Bug 105301

Summary: Suspend sometimes fails if mei_me RUNTIME_PM enabled - Zenbook UX303
Product: Power Management Reporter: Maxime Martineau (emixam.agp)
Component: Hibernation/SuspendAssignee: Rafael J. Wysocki (rjw)
Status: CLOSED DUPLICATE    
Severity: normal CC: aaron.lu, lenb, petter3k, rui.zhang
Priority: P1    
Hardware: All   
OS: Linux   
Kernel Version: 4.1.6-1-ARCH Subsystem:
Regression: No Bisected commit-id:

Description Maxime Martineau 2015-10-01 11:13:41 UTC
Running Archlinux on some asus notebook (Zenbook UX303), I noticed an issue occuring when suspending from time to time.

It happens maybe every two days (when suspending multiple times without rebooting or shutting down) or after a long usage of the notebook.

The notebook doesn't complete its transition to the suspended state : some inner parts (possibly the hdd) is still running and I cannot return to the system. I can only perform a hard shut down (10 sec press on the power button.)

The particular aspect of this bug is that it is only occuring when a certain PM option is activated (Runtime Power Management for PCI, RUNTIME_PM_ON_BAT=auto with TLP)
Comment 1 Aaron Lu 2015-10-08 07:41:25 UTC
Maybe also worth reporting this issue to TLP.

BTW, is it possible to know what exactly does TLP do for your laptop?
Comment 2 Zhang Rui 2015-10-26 06:18:19 UTC
(In reply to Maxime Martineau from comment #0)
> Running Archlinux on some asus notebook (Zenbook UX303), I noticed an issue
> occuring when suspending from time to time.
> 
> It happens maybe every two days (when suspending multiple times without
> rebooting or shutting down) or after a long usage of the notebook.
> 
> The notebook doesn't complete its transition to the suspended state : some
> inner parts (possibly the hdd) is still running and I cannot return to the
> system. I can only perform a hard shut down (10 sec press on the power
> button.)
> 
> The particular aspect of this bug is that it is only occuring when a certain
> PM option is activated (Runtime Power Management for PCI,
> RUNTIME_PM_ON_BAT=auto with TLP)

does this problem still exist if the laptop is running with AC plugged in?
Comment 3 Petter Krossbakken 2015-11-11 23:22:29 UTC
My UX32LN (identical to the 303LN) is having this exact issue on both AC and BATTERY mode with TLP enabled.
Comment 4 Aaron Lu 2015-11-12 04:50:58 UTC
Maxime reported this to TLP here:
https://github.com/linrunner/TLP/issues/162

Maxime,

Did you try the TLP developer's suggestions? i.e.

"
Hi, this is a (common) driver/kernel issue. I suggest to:

    Try a newer/older kernel
    Disable completely on battery via RUNTIME_PM_ON_BAT=on
    Blacklist PCIe devices one by one in RUNTIME_PM_BLACKLIST= and re-check to isolate the offending device

[1] http://linrunner.de/en/tlp/docs/tlp-configuration.html#runtimepm
"
Comment 5 Petter Krossbakken 2015-11-12 09:14:08 UTC
Computer still freeze on suspend with newest kernel and regardless of AC/BAT - that is, runtime pm is turned off I assume when AC-mode is activated (either forced or plugged in).
Comment 6 Maxime Martineau 2015-11-12 09:26:36 UTC
Aaron, I am currently changing the RUNTIME_PM blacklist each time the bug is happening. But it takes long to occur. I will keep track of my progress on this ticket and the one on TLP's bug tracker.
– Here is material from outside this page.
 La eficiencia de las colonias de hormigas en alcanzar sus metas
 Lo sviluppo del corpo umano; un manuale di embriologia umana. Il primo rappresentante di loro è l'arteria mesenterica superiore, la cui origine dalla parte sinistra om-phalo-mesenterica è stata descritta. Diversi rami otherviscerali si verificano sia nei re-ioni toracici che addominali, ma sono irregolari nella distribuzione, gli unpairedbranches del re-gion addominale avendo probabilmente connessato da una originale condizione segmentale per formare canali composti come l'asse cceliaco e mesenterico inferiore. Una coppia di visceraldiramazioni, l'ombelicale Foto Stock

Petter, you're right : the RUNTIME_PM is by default deactivated on bat. 

Zhang, I can't say whether the bug is occuring on AC or not. All I can say is that the bug is not occuring when the laptop has been running without RUNTIME_PM from the boot.
Comment 7 Maxime Martineau 2015-11-15 23:20:57 UTC
I blacklisted the discrete graphic card (GeForce 840M) and I achieved a 3 days uptime (3 days without i.e. having the bug while suspending and being bound to reboot)

I will let it a few more days to be sure but this seems to be a good track.

To be noted that this nvidia card is taken care of by bbswitch (which keeps it off most of the time) and bumblebee (which enables it on demand.)
Comment 8 Maxime Martineau 2015-11-19 21:45:22 UTC
In fact the bug has occured again.

I might have understood that it is the hdd that doesn't stop. I blacklisted it and after a few hours and suspends, the laptop doesn't want to suspend anymore. Here is the log it yields :

http://pastebin.com/x26GKiVf
Comment 9 Aaron Lu 2015-11-20 01:47:10 UTC
For some reason, I can't open the pastebin.com website...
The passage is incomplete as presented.